Everything in the data below except the pictures must be repeated word for word.

• Recorded information
::::::::::
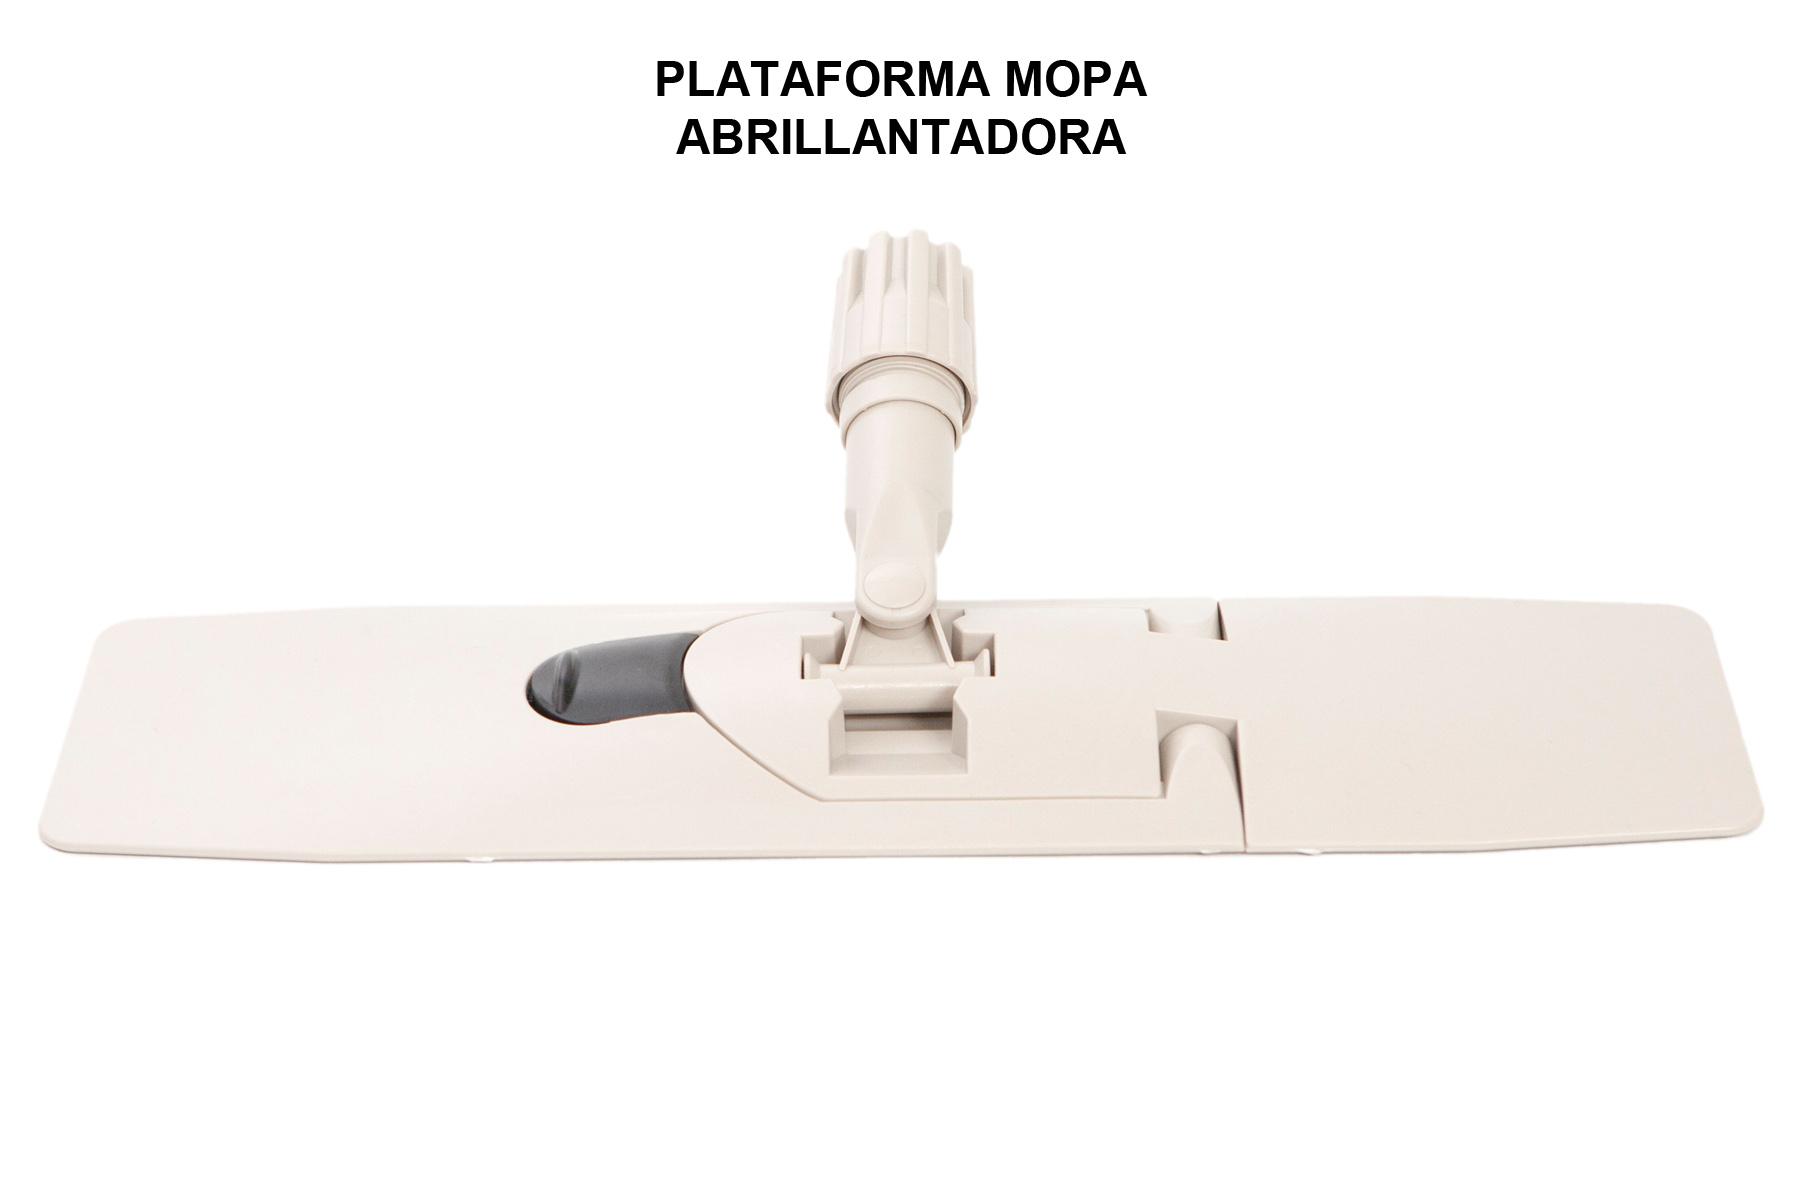 PLATAFORMA MOPA ABRILLANTADORA
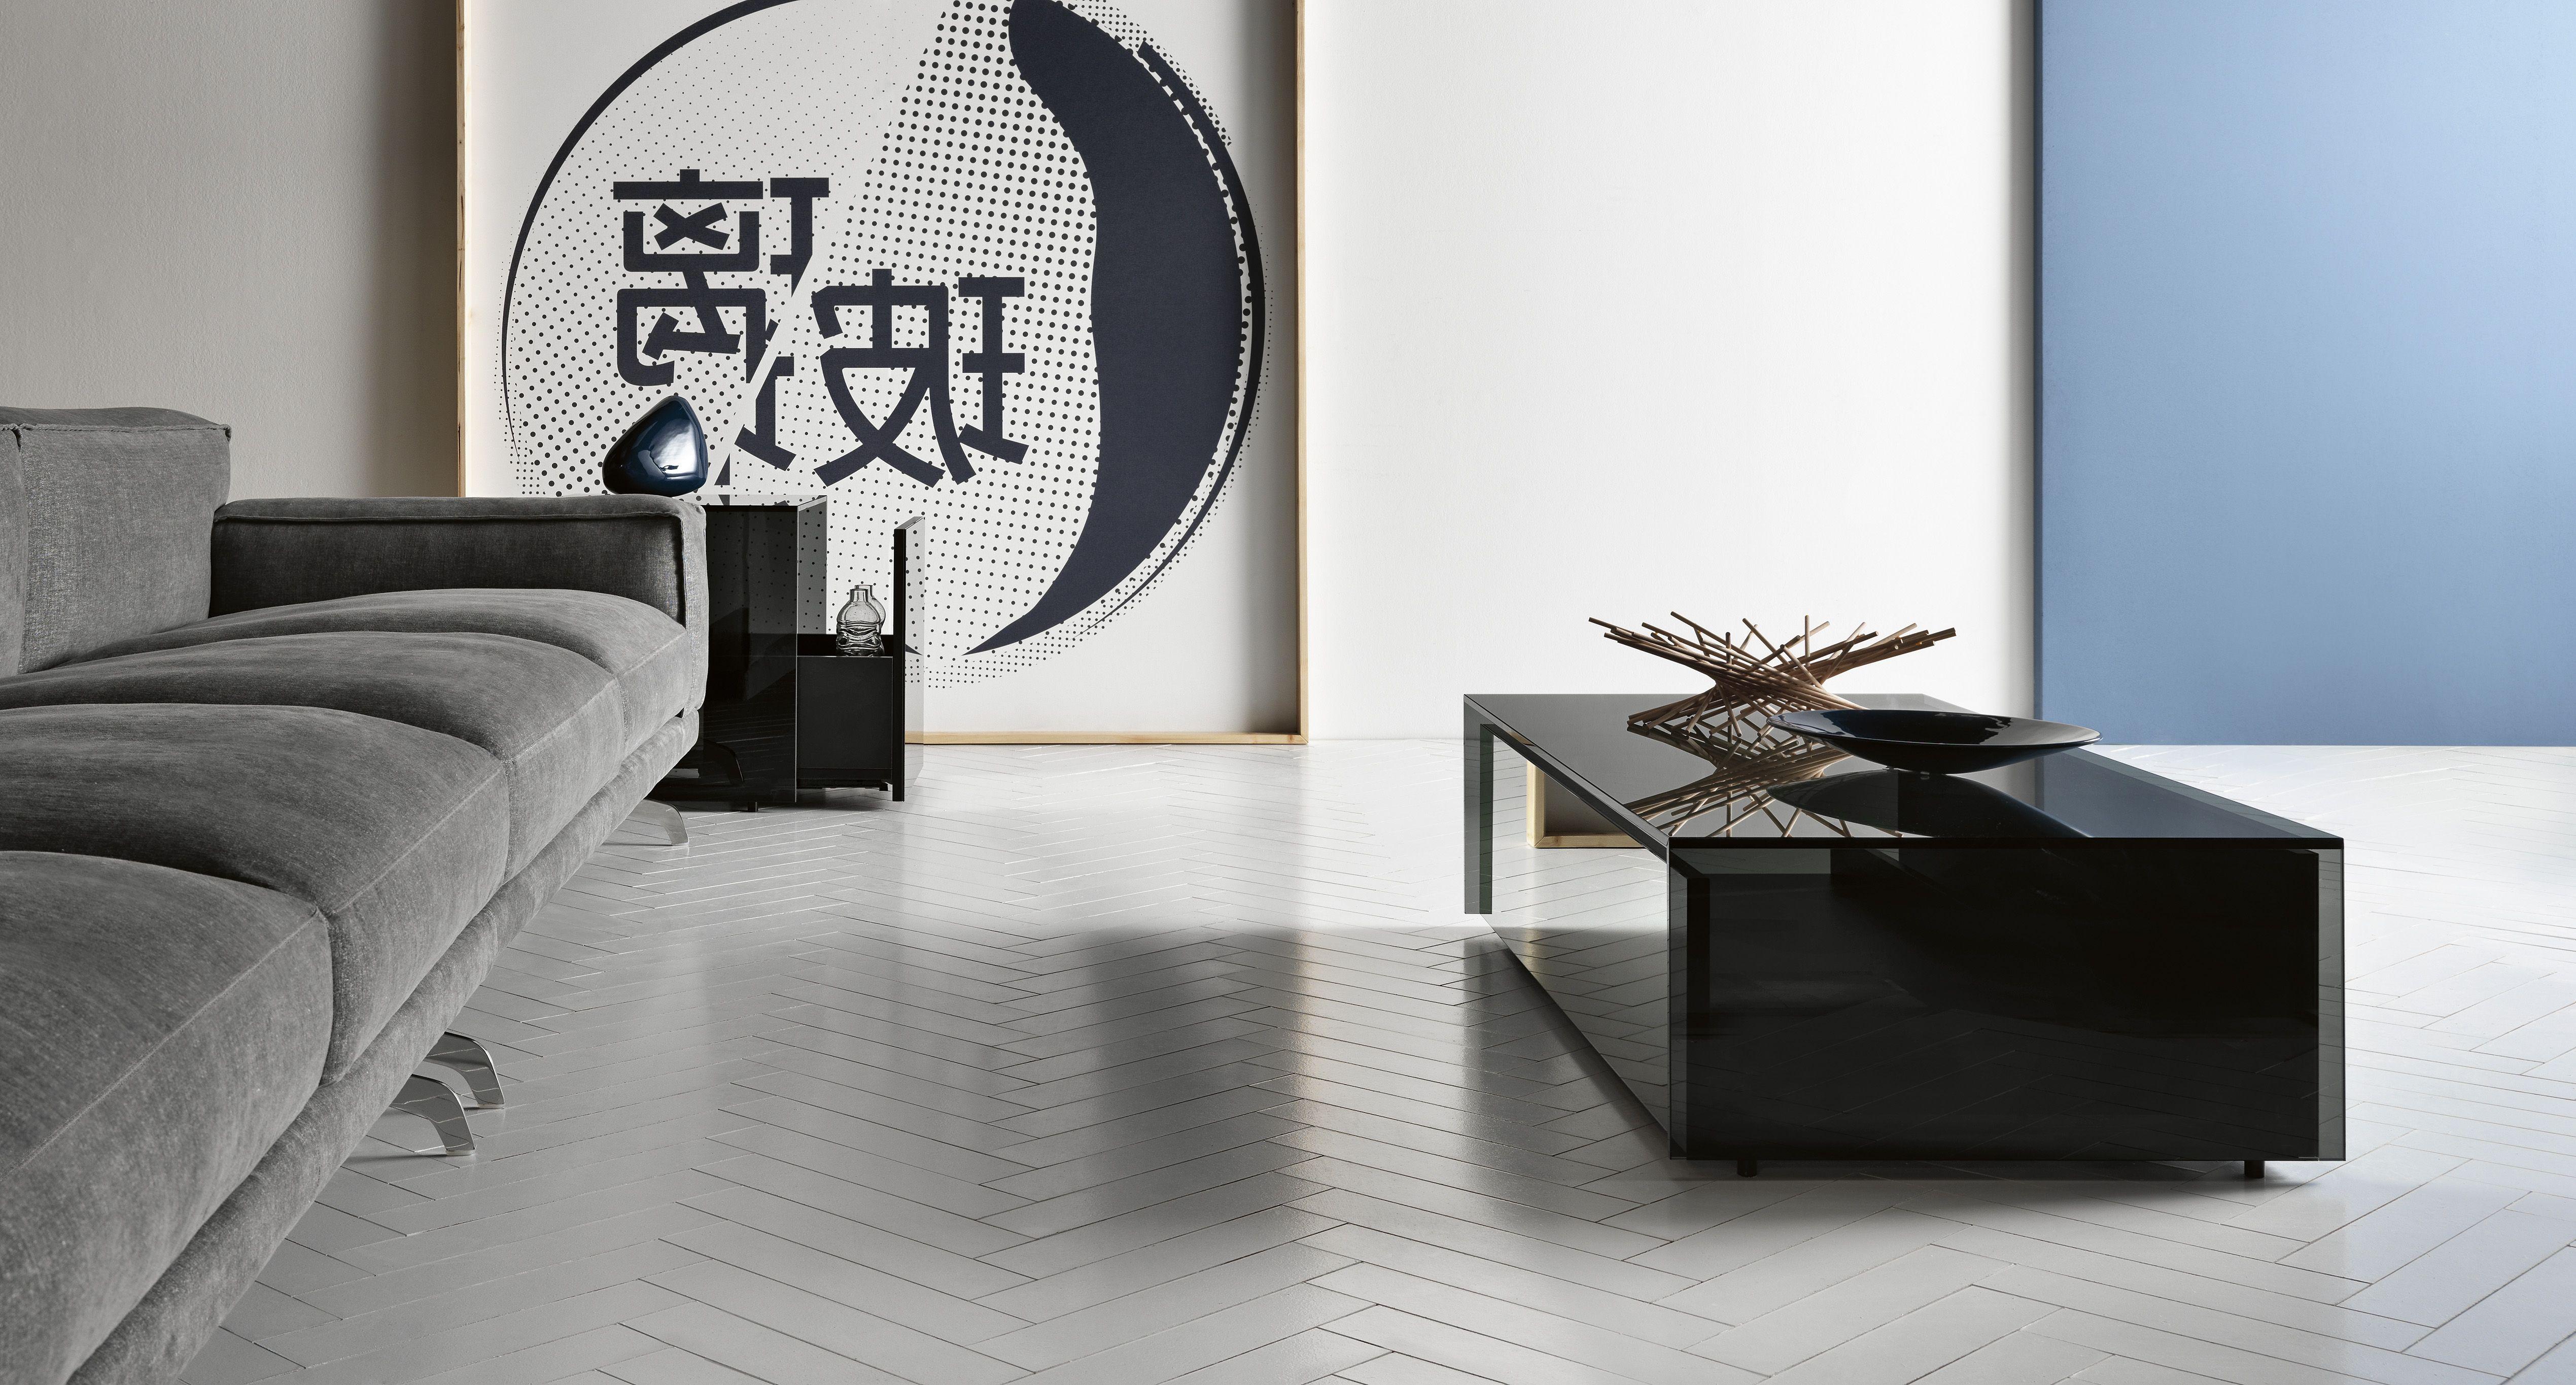 GOTHAM design Leonardi_Marinelli for Tonelli design. Smoked glass ...
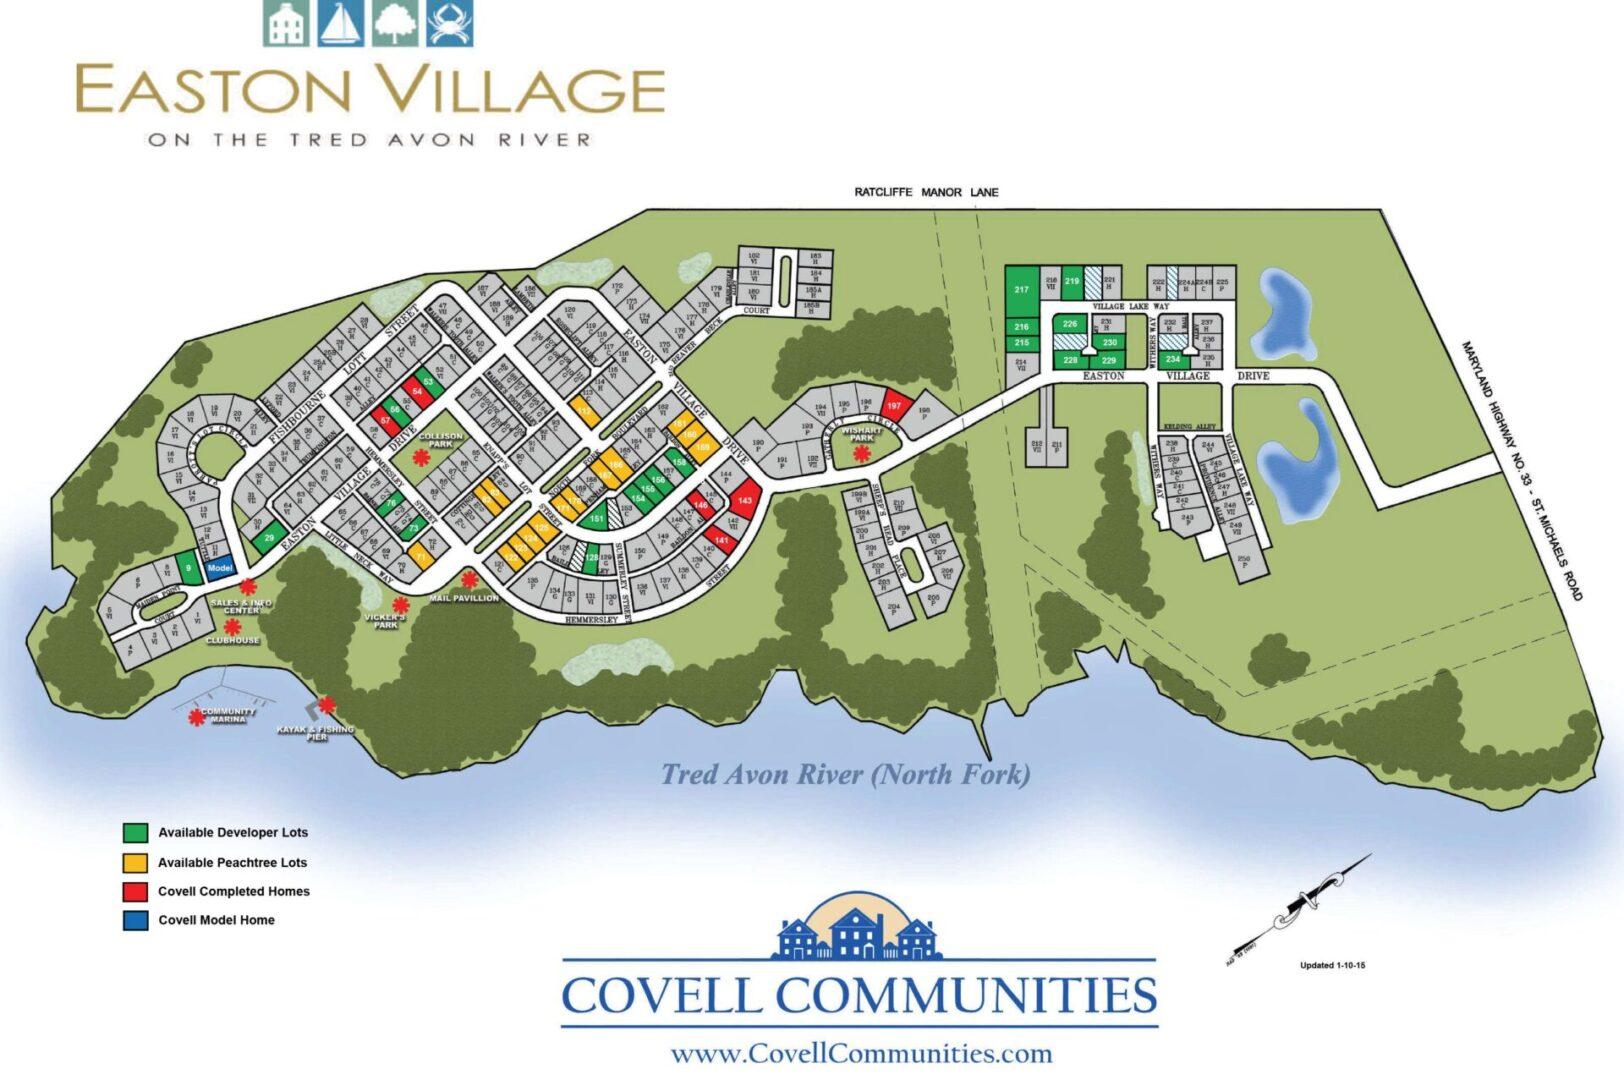 Easton village master plan
::::::::::
• Response below
 PLATAFORMA MOPA ABRILLANTADORA
 GOTHAM design Leonardi_Marinelli for Tonelli design. Smoked glass ...
 Easton village master plan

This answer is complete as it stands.